Teilnehmen können eine oder zwei Schulklassen (Klassenstufen 10 bis 12) mit insgesamt maximal 30 Schüler:innen, begleitet durch Lehrkräfte. Das Angebot ist kostenlos. Anmeldung über horn@buecherhallen.de oder per Telefon: 040 / 651 51 33.

Bücherhalle Bergedorf – Freitag, 7.11., vormittags:

Das Programm ist derzeit noch in Planung. Weitere Informationen in Kürze.

Beim Newscamp “Nachrichten verstehen. Fakes erkennen. Fakten einordnen.” gemeinsam mit SPREUWEIZEN, #UseTheNews und TIDE geht es um die großen Herausforderungen rund um Desinformation, KI-Fakes und algorithmische Verzerrungen in sozialen Medien. Inputs kommen unter anderem von Journalist:innen und Medienexpert:innen, die gemeinsam mit Schüler:innen der Stadtteilschule Wilhelmsburg über Nachrichtenkompetenz und den Umgang mit digitalen Informationen diskutieren. Für uns mit dabei: Die laif foundation mit einem Workshop zum Thema „Fotojournalismus: Ist das noch wichtig oder kann das weg?“ und die Tagesschau mit „Nachrichten auf Twitch & TikTok – wie die tagesschau junge Zielgruppen erreicht“.
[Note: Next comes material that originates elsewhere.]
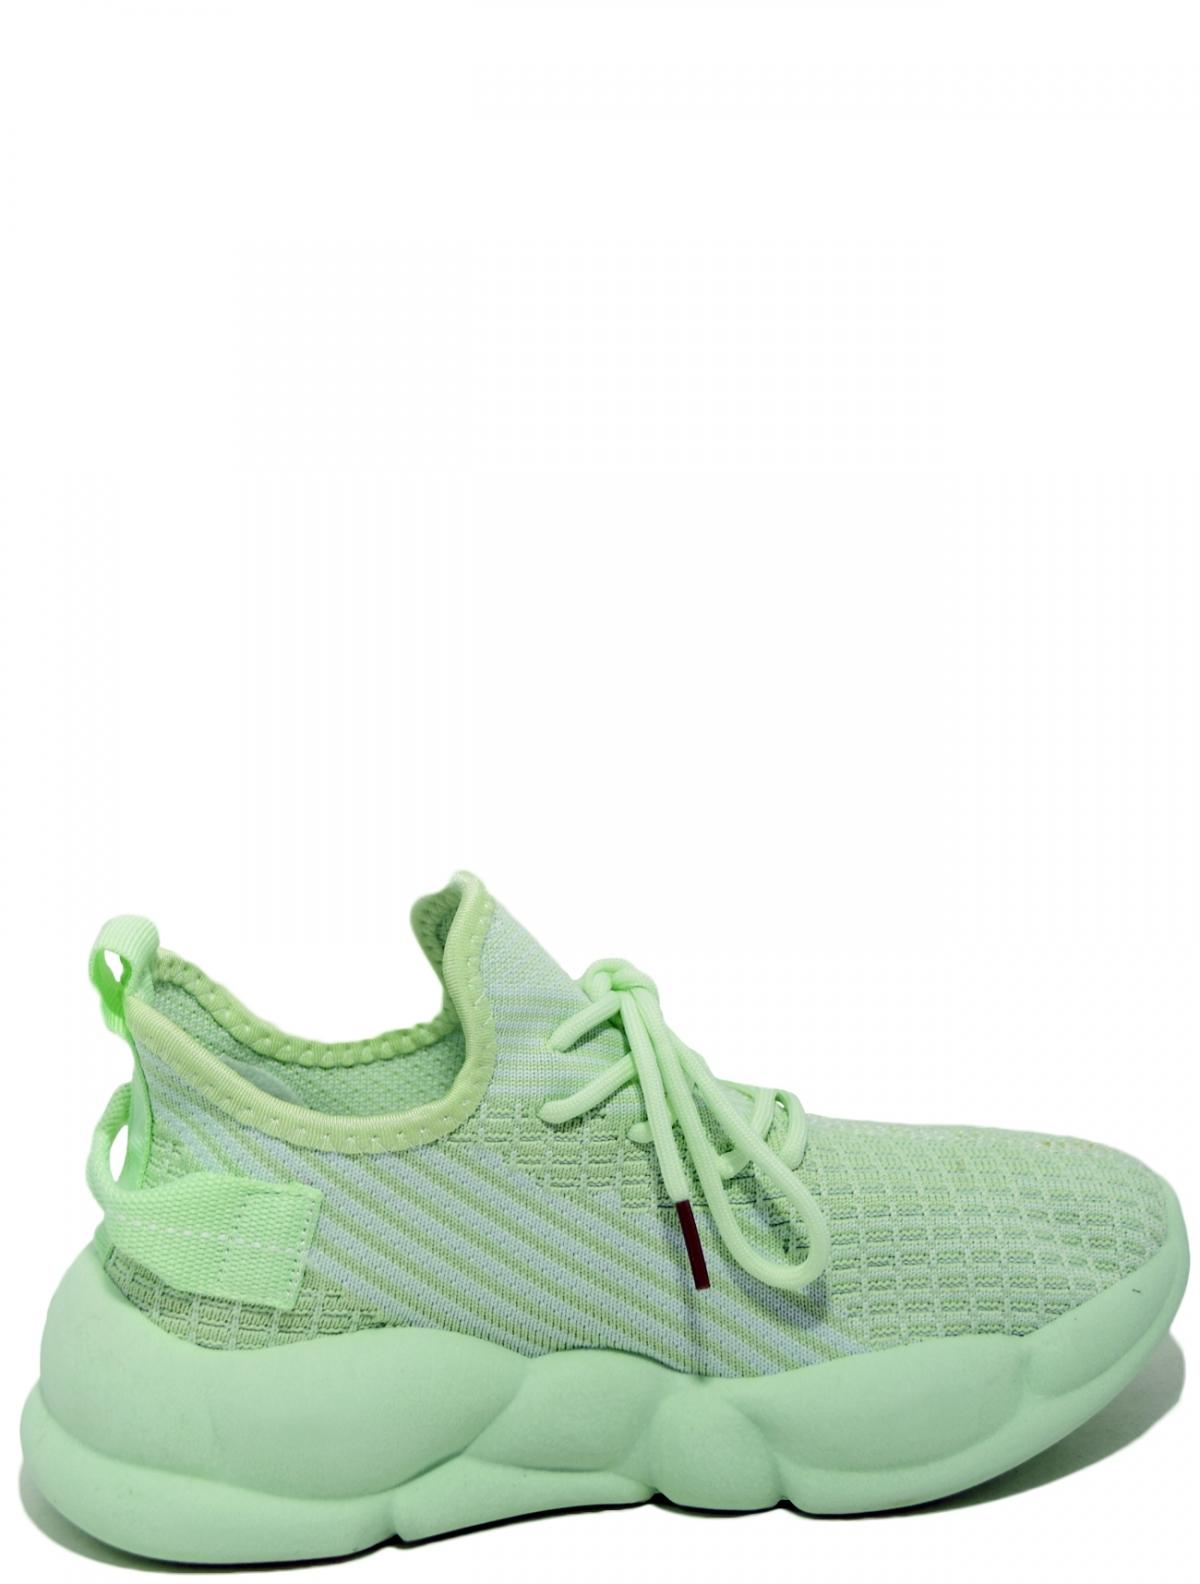 Fashion A06-17 женские кроссовки

In Kooperation mit dem vom gemeinnützigen Verein für Medien- und Journalismuskritik (vfmj) getragenen VOCER-Institut für Digitale Resilienz geben wir einen Co-Creation-Workshop für Schüler:innen zum Thema „Digitale Wahrheitsfinder – Fake News und Pressefreiheit im KI-Zeitalter“ an. Der Workshop wird von Dr. Stephan Weichert, Dr. Leif Kramp und unserem Vorstandsvorsitzenden Jörg Sadrozinski geleitet und schließt mit einer exklusiven Führung durch die Redaktion der „Tagesschau“ ab. Gefördert wird das Projekt durch die Hapag-Lloyd-Stiftung und unterstützt von den Hamburger Hongkong Studios.